Saturday, September 04, 2010

Walking Tour of Brazza


Photo: Memorial for Pierre Savorgnan de Brazza

There are few Americans here. It’s a fact.

Supposedly, there are about 237 of us in Brazzaville, but I haven’t met any outside of the embassy. I did bump into my neighbor in room 109, Directeur Gérant Jean Albert Placide Kaya, who works with environmental issues for Eco Durable and who also knows about my state: Iowa. That was exciting. Monsieur Kaya gave me a ride to the ATM machine at the Crédit du Congo this afternoon in his SUV. Ex-pats who work for NGOs or embassies usually have their own large, safe vehicles with seatbelts or use a car and driver if they are leaving the workplace for a meeting during working hours. I use taxis, and the taxi drivers sometimes try to overcharge me, but my friends at the hotel protect and bargain for me, haggling for a fair price so I won’t be overcharged.

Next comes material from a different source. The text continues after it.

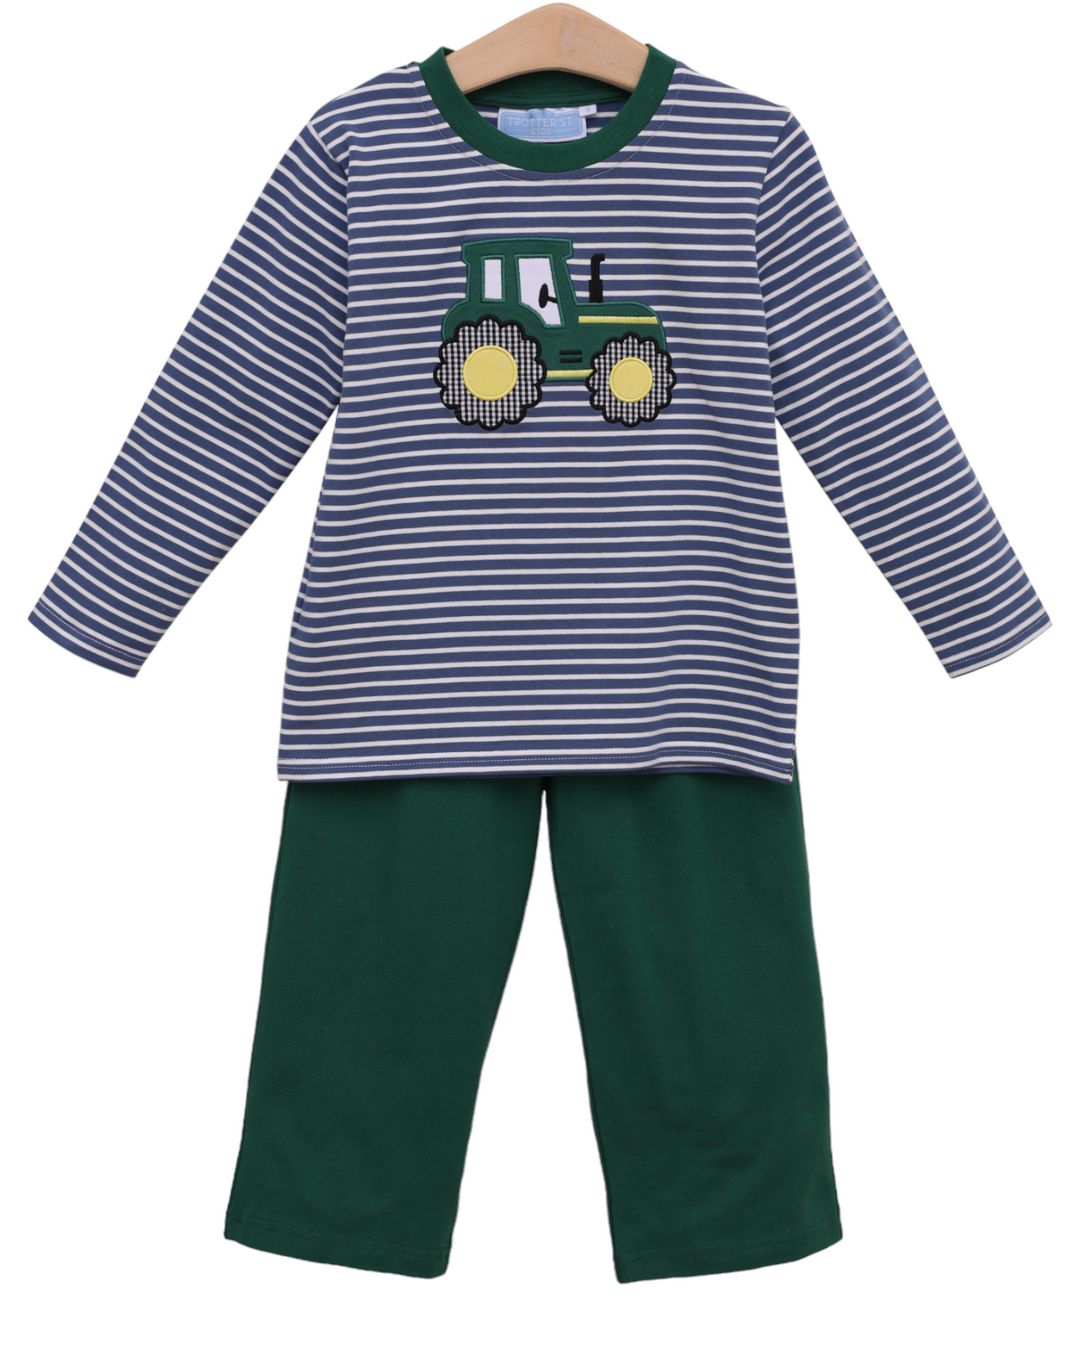 Tractor Blue and Green Stripe Boys Pants Set, front

I have made friends with some of the men who work in the hotel because there aren't many women in the public and work spaces where I have been. At the hotel, there is Carlos in the restaurant where I eat my breakfast. He is 25 years old and from Cameroon. He speaks English to me, and I speak French to him, and he has a lovely smile. We watched Eminem rap videos this morning because I was the only guest in the restaurant and Carlos swayed to my table with the beat of orange juice and coffee on a tray. I forgot how many crumbs pan au chocolat can produce like a buttery rain on the table. Then there is Jacques, who is 47 years old and works at the gate as a guard. While he is working Jacques reads books, and I noticed that one of his books was The Origin of Genesis. We talked a briefly about religion, and he wants to learn about Buddhism. Now I am helping him practice English, although he is very shy and we use French most of the time. Brice works at the desk and saved me from a mean taxi man, so I shared chocolate cookies with him when I returned from my adventure in the city today. I feel that I have protectors here at the hotel, and I am sure that I will miss these big brothers dearly when I depart.

There is still no word on my house yet. I thought I might see my new maison on Friday, but perhaps another day.

I spent this morning working on my syllabus and identifying objectives for my class, and in the afternoon I went for a walking tour of the city. I must admit, I did not know who Pierre Savorgnan de Brazza was until I bumped into his beautifully designed memorial and lushly landscaped city park where I hungrily downed two local yogurts for lunch- one coconut and the other mixed fruit. Pierre was the man who arrived in Central Africa and helped pave the way for colonization. That’s why I didn’t understand why his body had been repatriated to Brazzaville from Algeria in October 2006 in a triumphant and ceremonious return. When compared to the Belgians’ rule in the Congo, Pierre was a more humane, just, kind, and moderate governor-general of the French Congo. That's something to be said for this man in a time of colonial exploitation and cruelty.

End Note: I feel as if the Republic of Congo is the forgotten country. Most Americans are only aware of the DRC and Kinshasa and don't know Brazzaville is on the map. In addition, there aren't many tourists here, and for the average Congolese men and women I am meeting, I am the first American they have encountered. All these things make me want to work all the more to do what I can to help the people of this country!!!!!I

I have so much more to learn about this country, so I hope you look forward to future adventures and discoveries with an American chica in Brazzaville.